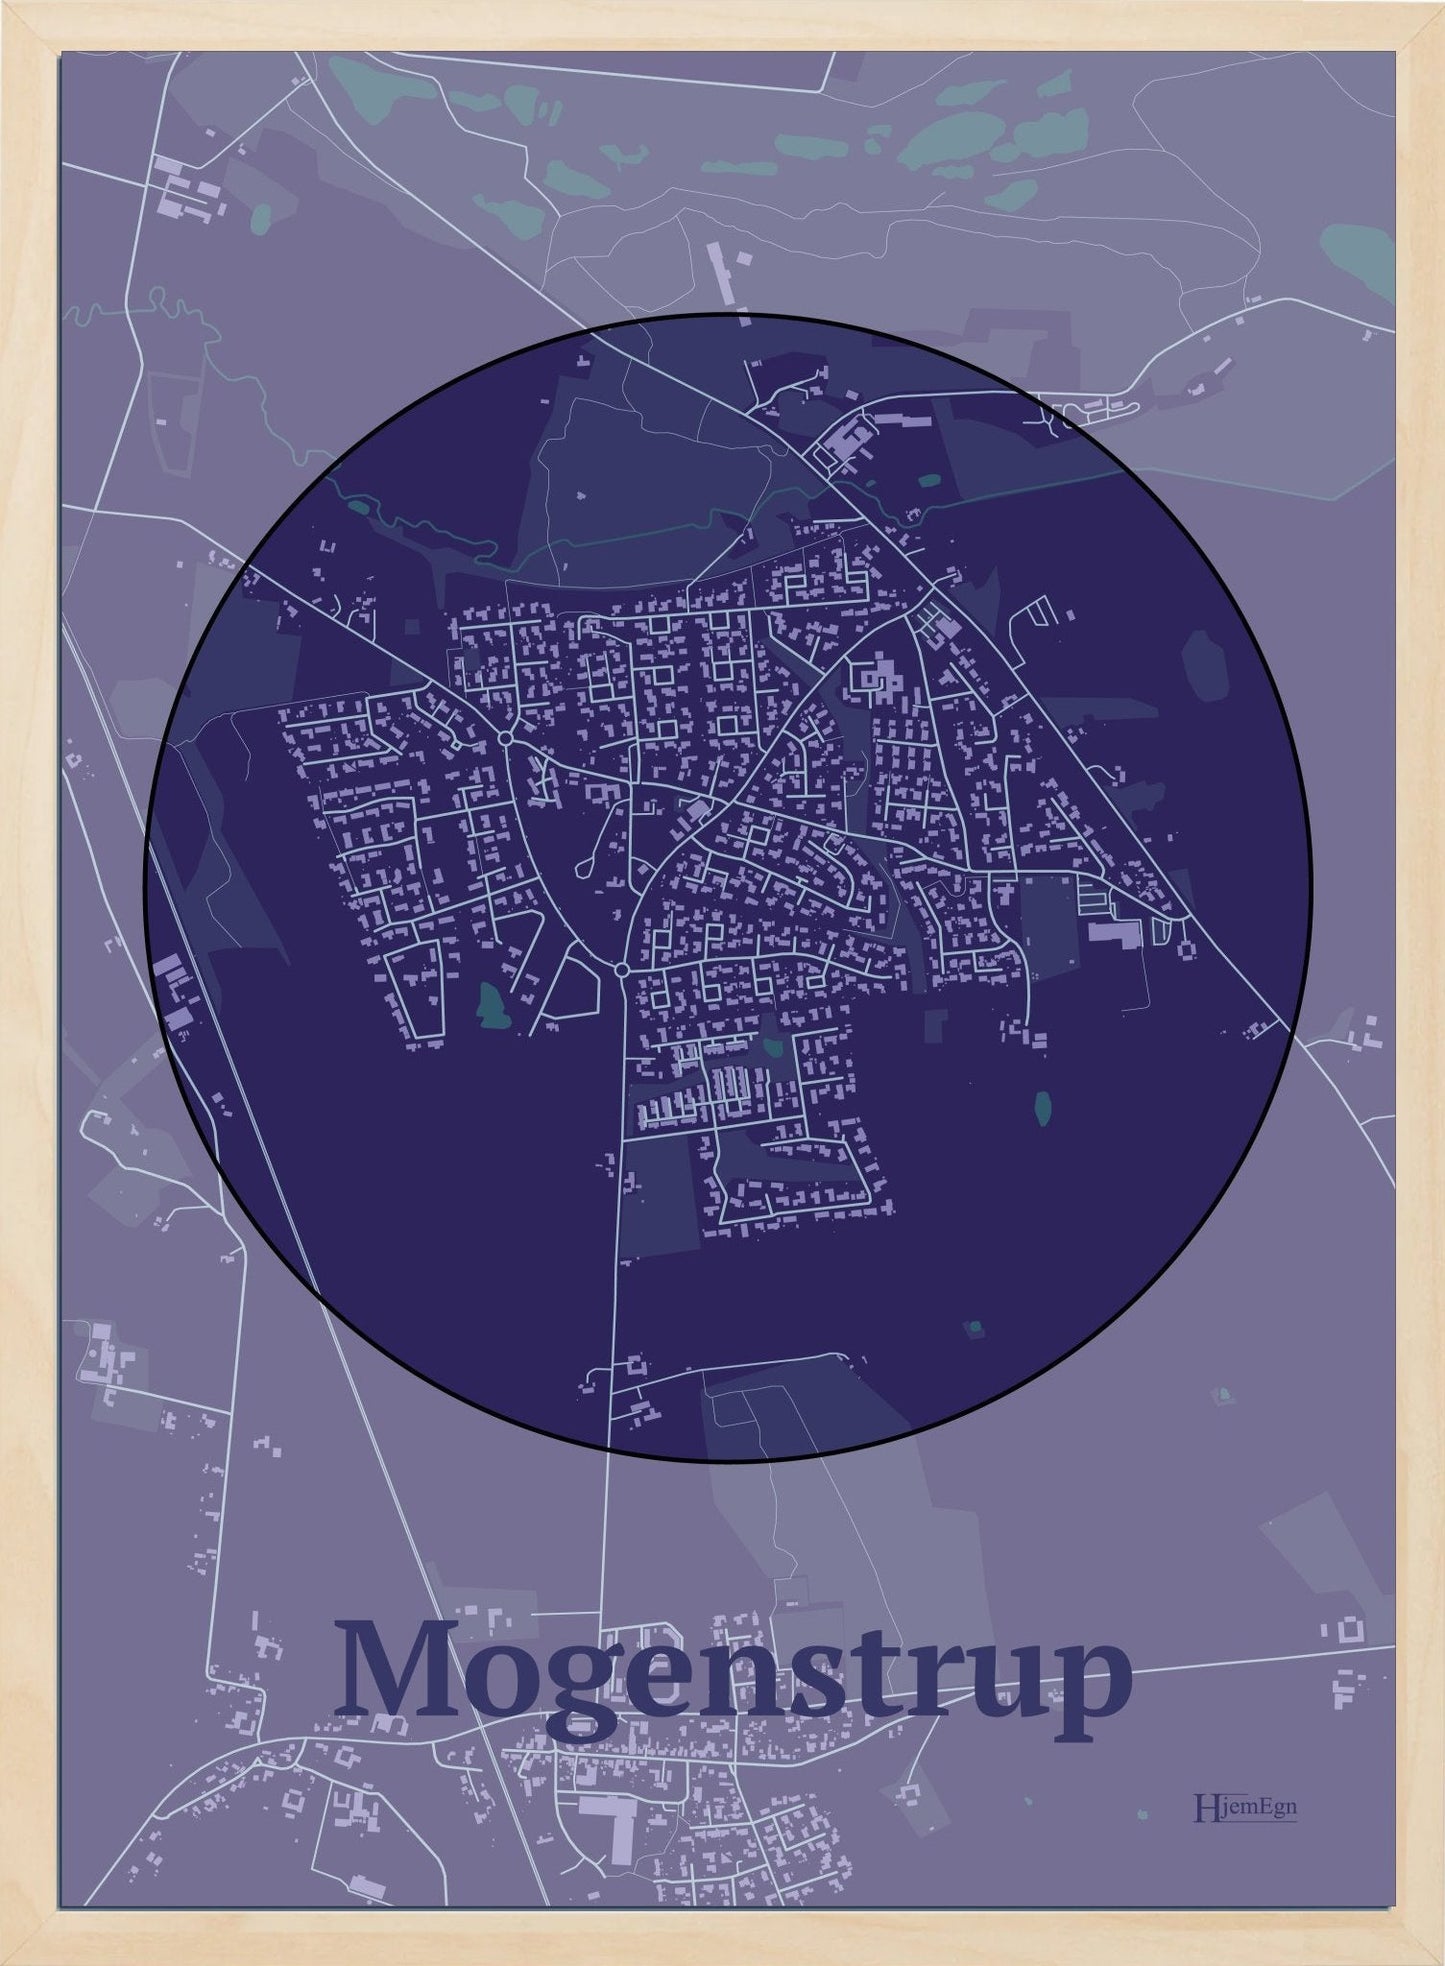 Mogenstrup plakat i farve mørk lilla og HjemEgn.dk design centrum. Design bykort for Mogenstrup
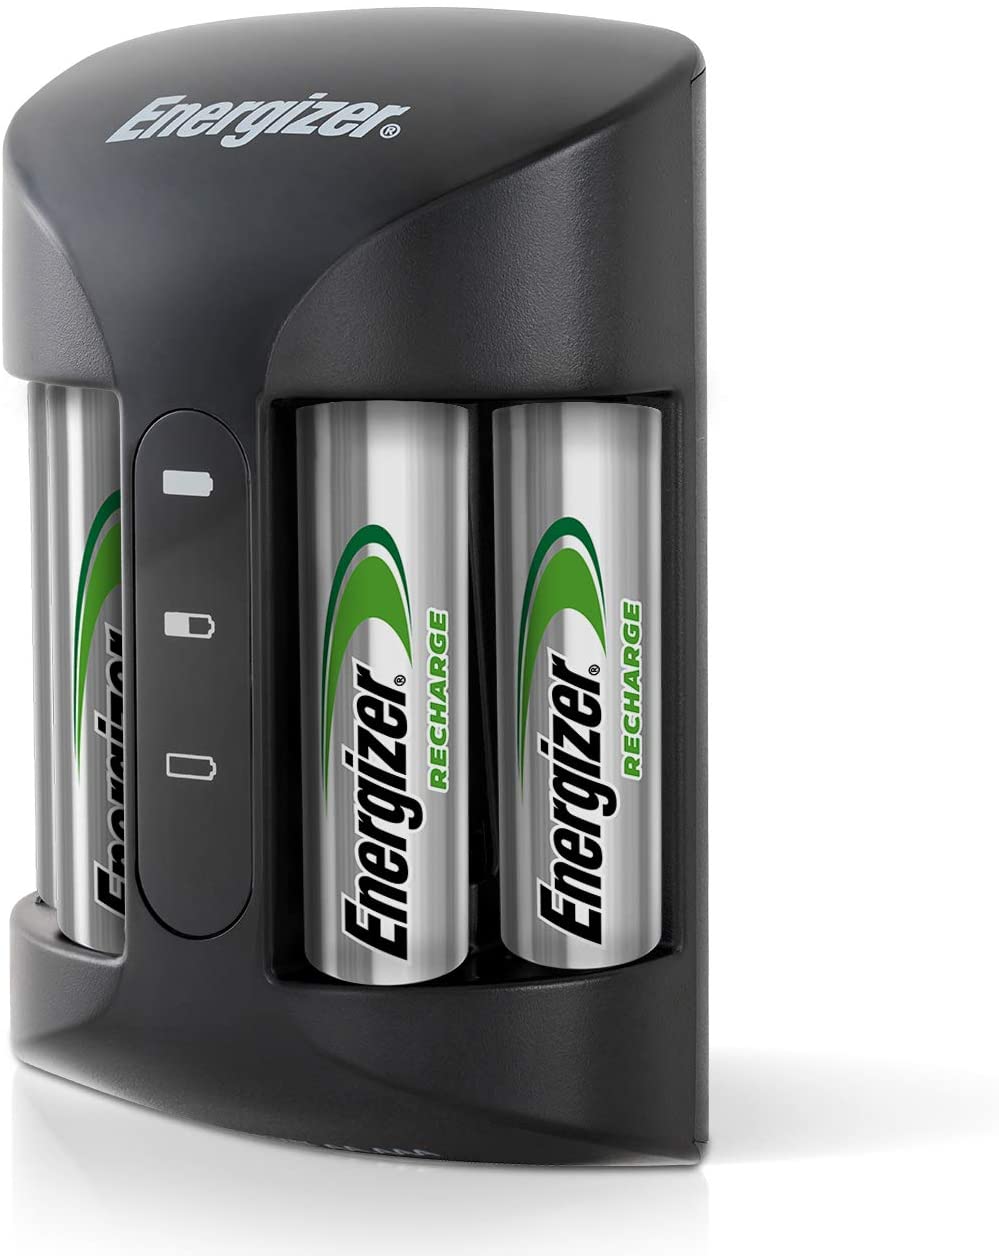 Energize Universal AA & AAA Battery Charger
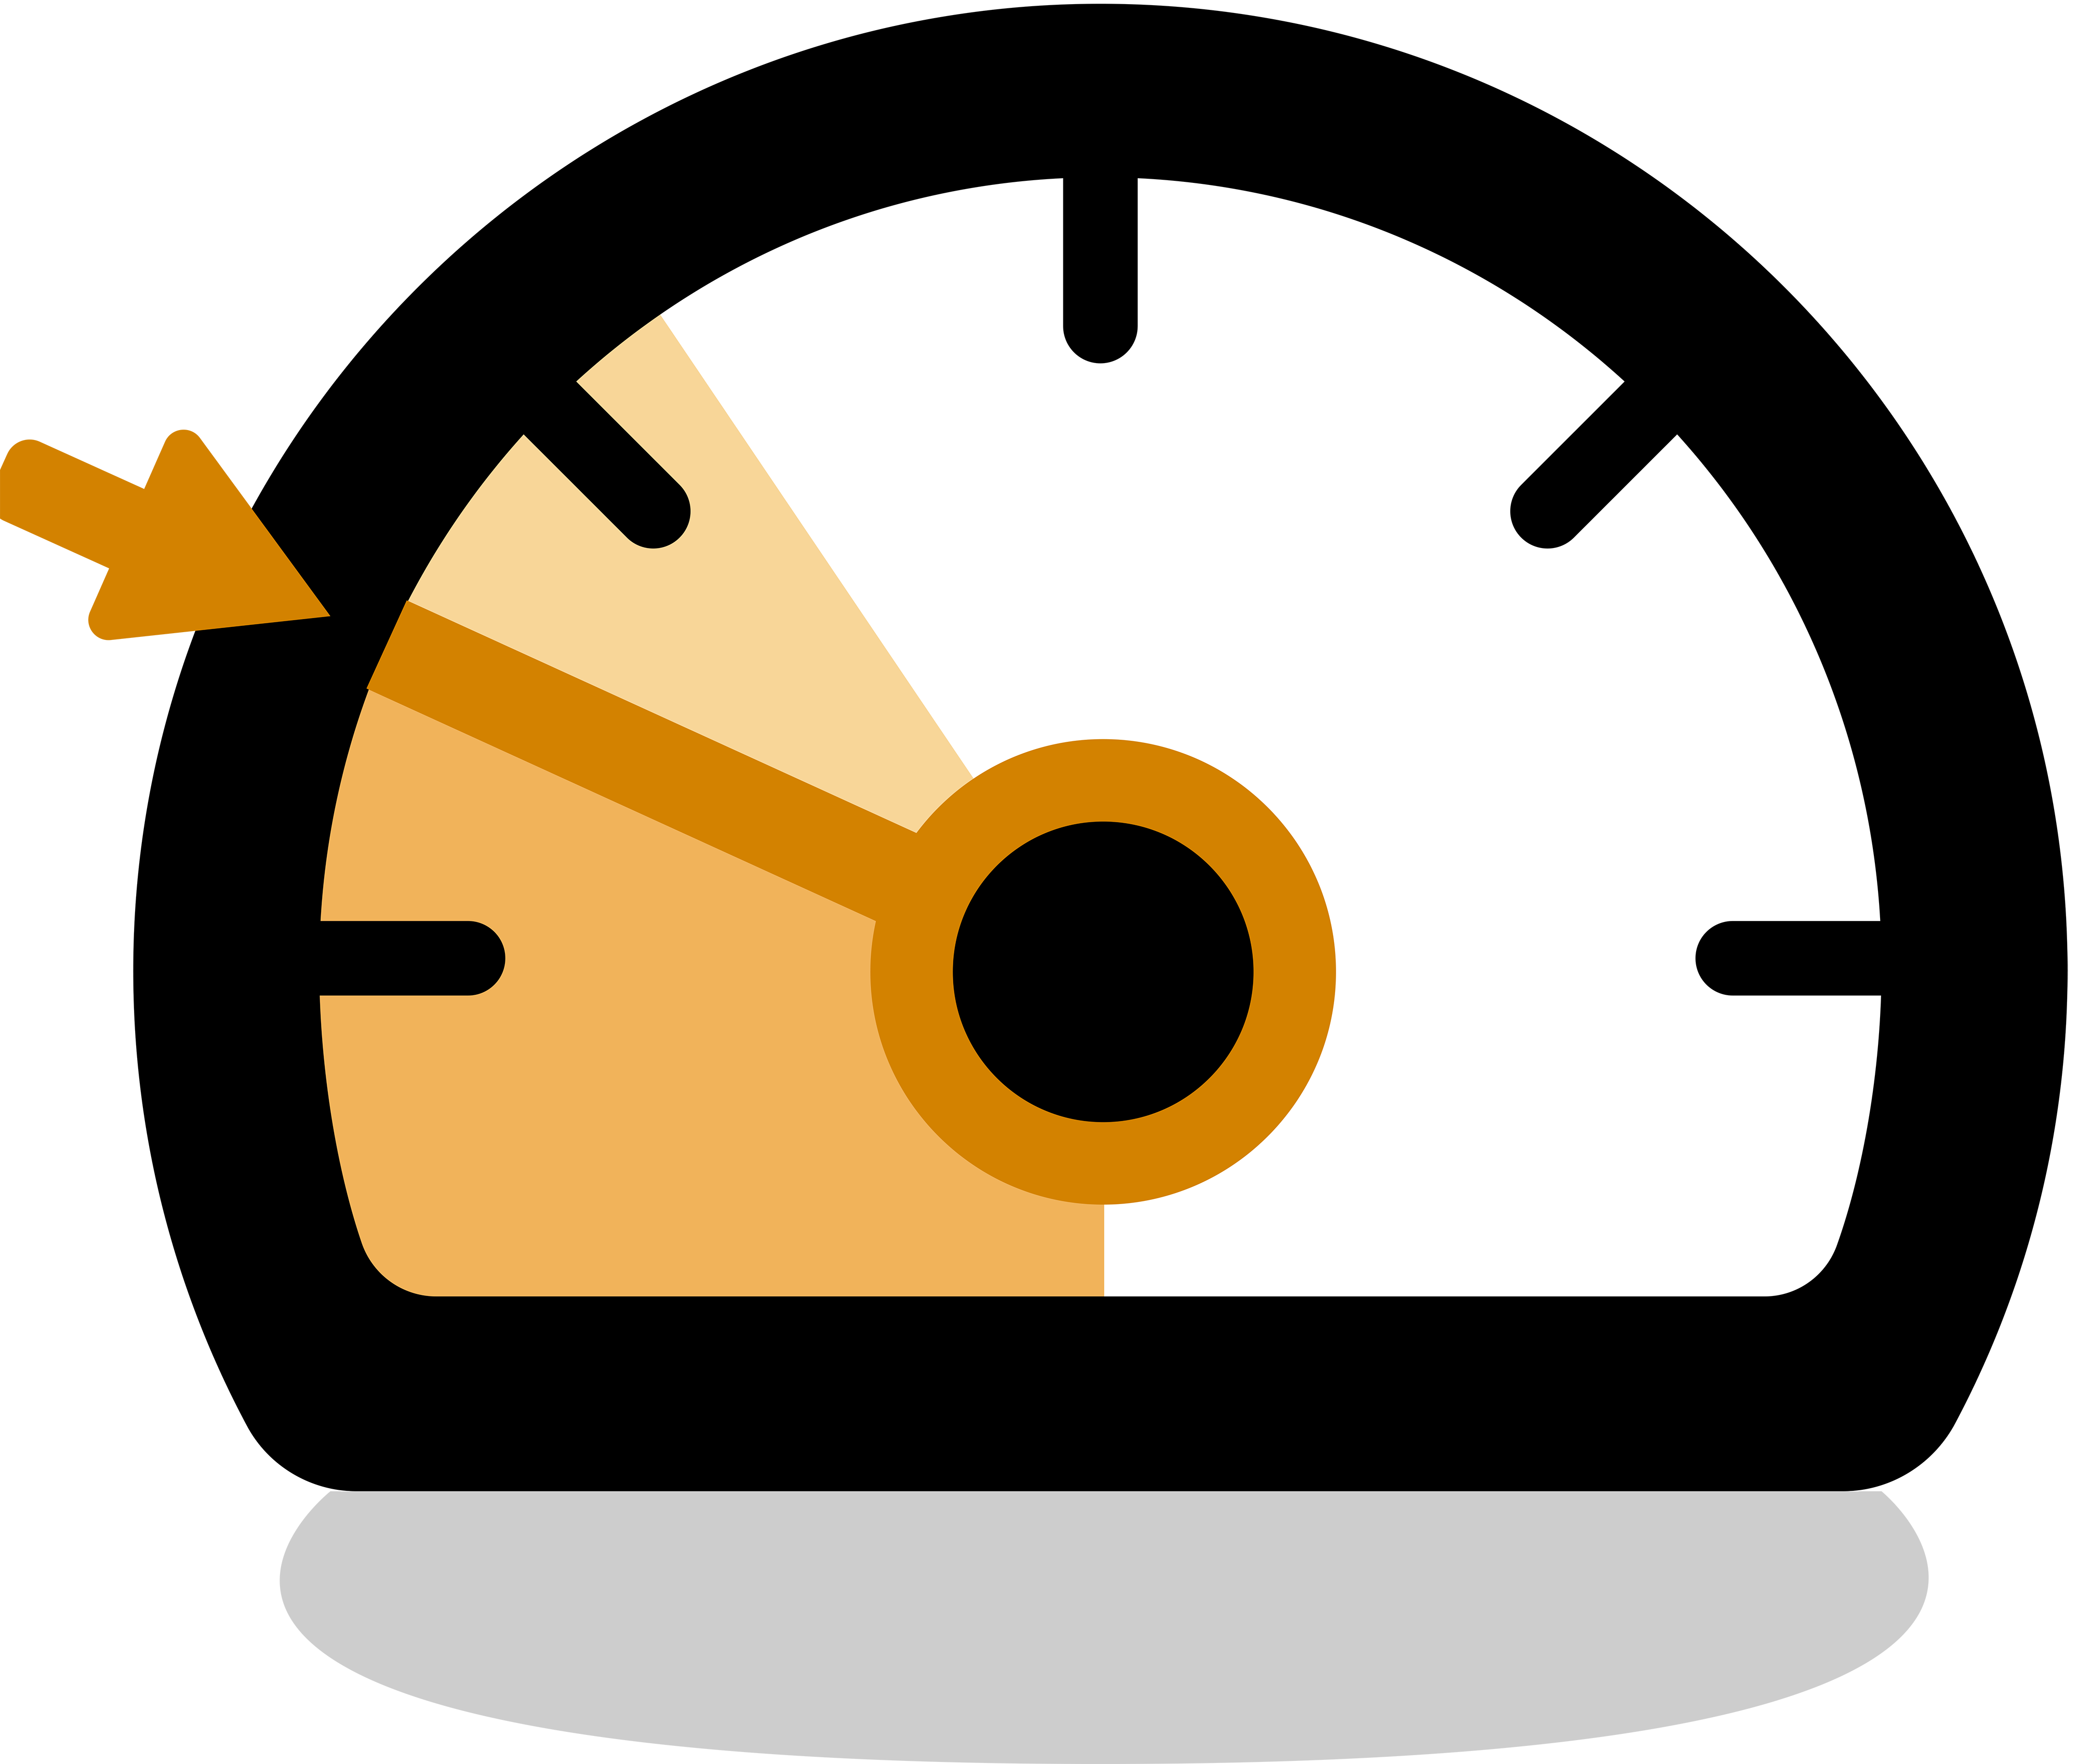 Speedometer illustration

## TASK REQUIREMENTS
Reproduce the whole listing verbatim. Pictures stay out of the copy.

## EXERCISE RESULT
 Mogenstrup plakat i farve mørk lilla og HjemEgn.dk design centrum. Design bykort for Mogenstrup
 Energize Universal AA & AAA Battery Charger
 Speedometer illustration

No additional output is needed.